The frail Kyanjo has declared that he will not return to Parliament. Lukwago’s ally, Allan Ssewanyana, has been eyeing the seat. But reliable sources say Sewanyana may return to City Hall and leave Lukwago to contest for the seat. During the 2011 Mayoral race, Lukwago got 58,766 votes against Ssematimba’s 28,906 in Makindye division.


The law allows Lukwago to contest in any constituency in the country as long as he is a registered voter, whose name appears in the national voters’ register. When contacted for a comment on their known public contacts both Lukwago and Ssewanyana’s phones were picked by a woman, who said Saturday Vision had called a wrong number.


But the FDC aspirant for the Nakawa seat, Michael Kabaziguruka, said he had been approached by some party members, asking him to relinquish his seat for Lukwago.


“It is true, some party members approached me to step down for Lukwago on Wednesday,” Kabaziguruka said, although he remained non-committal on whether he had accepted to step down. Saturday Vision has learnt that Kabaziguruka, who has aspired twice for the same seat, was not willing to step down, even though his party is willing to compensate him for the bills he had incurred in printing posters and T-shirts for the race.


Should Lukwago run, he will benefit from his closeness to Besigye. He recently appointed him his special mobiliser for the 2016 presidential elections and the move to grant him Nakawa may be aimed at appeasing him. Salim Uhuru, the NRM chairperson for Kampala Central, says whereas his camp is ready to take on Lukwago in any constituency, including Nakawa, he does not support the Bill coming at this time.


“Tabling the Bill now makes us (NRM) appear as if we are desperate to diffuse Lukwago at the time when we have a candidate in the race. President Yoweri Museveni brought democracy; we should be seen to defend it at all costs, even when it is not in our favour. Since power belongs to the people, let us take on Lukwago in the polls and if he defeats us, we concede,” Uhuru said. Efforts to speak to Ruhindi yesterday about the development were futile as he was not picking his calls.

 

LUKWAGO’S WOES

Lukwago’s woes started when he was thrown out of office in 2014 over abuse of office. He went silent, leaving everyone guessing his next move in the 2016 general elections. Politicians in different political camps wanted to know the political office he was eyeing in 2016.

Lukwago preferred to concentrate on his battles in courts of law. But last week, he declared that he would contest for the office of the Lord Mayor. The public declaration Lukwago made at Besigye’s rally at Nakivubo Stadium, threw hundreds of his supporters into wild jubilation.

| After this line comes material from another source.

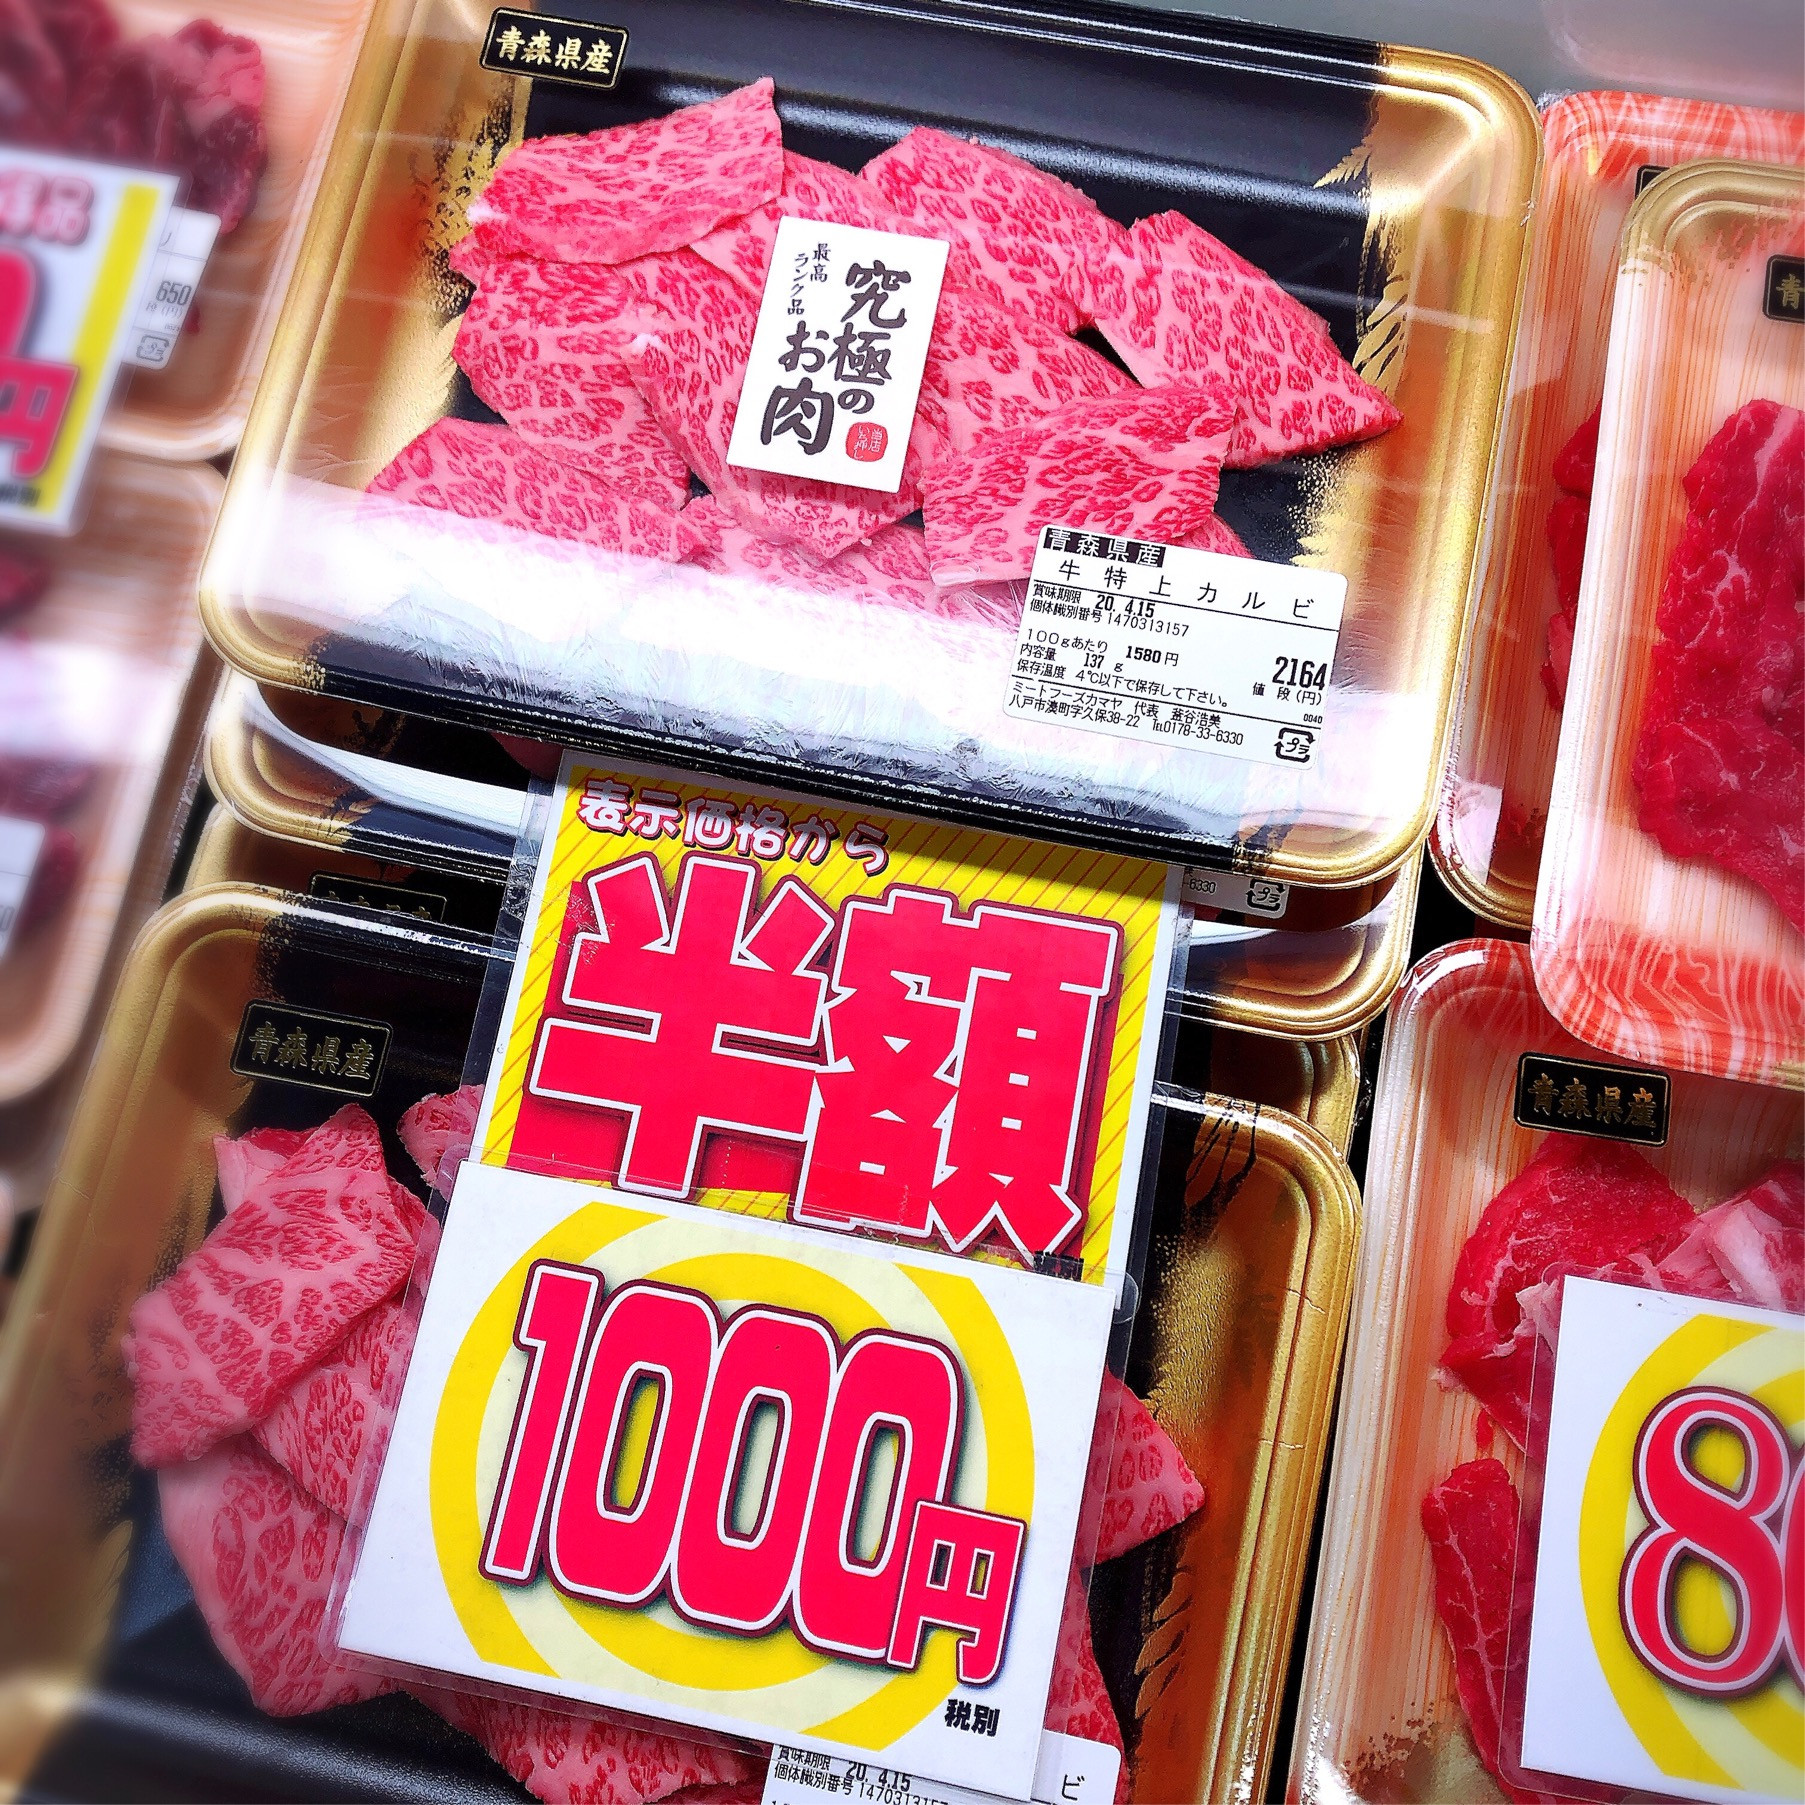 本日は青森県産牛特上カルビがお買得です。

The Lord Mayor commands a lot of support in Kampala, especially among the lower cadres, who work in markets. Lukwago’s supporters left Nakivubo ready to hit the city divisions to canvass for votes. Opposition legislators, led by FDC’s former leader of Opposition, Nandala Mafabi, on Thursday called for the delay to amend the Bill until after the 2016 general elections.


If the Bill is endorsed, Lukwago’s chances of becoming the Lord Mayor will become slim because KCCA is dominated by NRM councillors. If NRM retains the number of councillors in the council after the 2016 general elections, the next Lord Mayor can only be from the party.

At the time the Bill was tabled, NRM had endorsed dancehall musician, Daniel Kyeyune Kazibwe alias Ragga Dee as the party’s flag-bearer. Kazibwe is a newcomer in the city politics and pundits had ruled him out of the race, arguing that he is not Lukwago’s match.

It is not clear where the proposed Bill leaves Kazibwe, who injected millions of cash in the party primaries. Lukwago had started collecting signatures required by the Electoral Commission (EC) for the nominations.


The EC had also set the nomination date for people contesting for the lord mayorship, but the EC has put the process to a halt until the Minister for Kampala pronounces himself on the matter. Lukwago’s popularity in Kampala dates back to the time when he was Kampala Central MP, between 2001 and 2011.


As the area MP, Lukwago defended market vendors from being evicted by businessmen who had tendered the markets from the defunct Kampala City Council. Due to those ties, time came when vendors in Kisekka Market would dare anyone who touched Lukwago.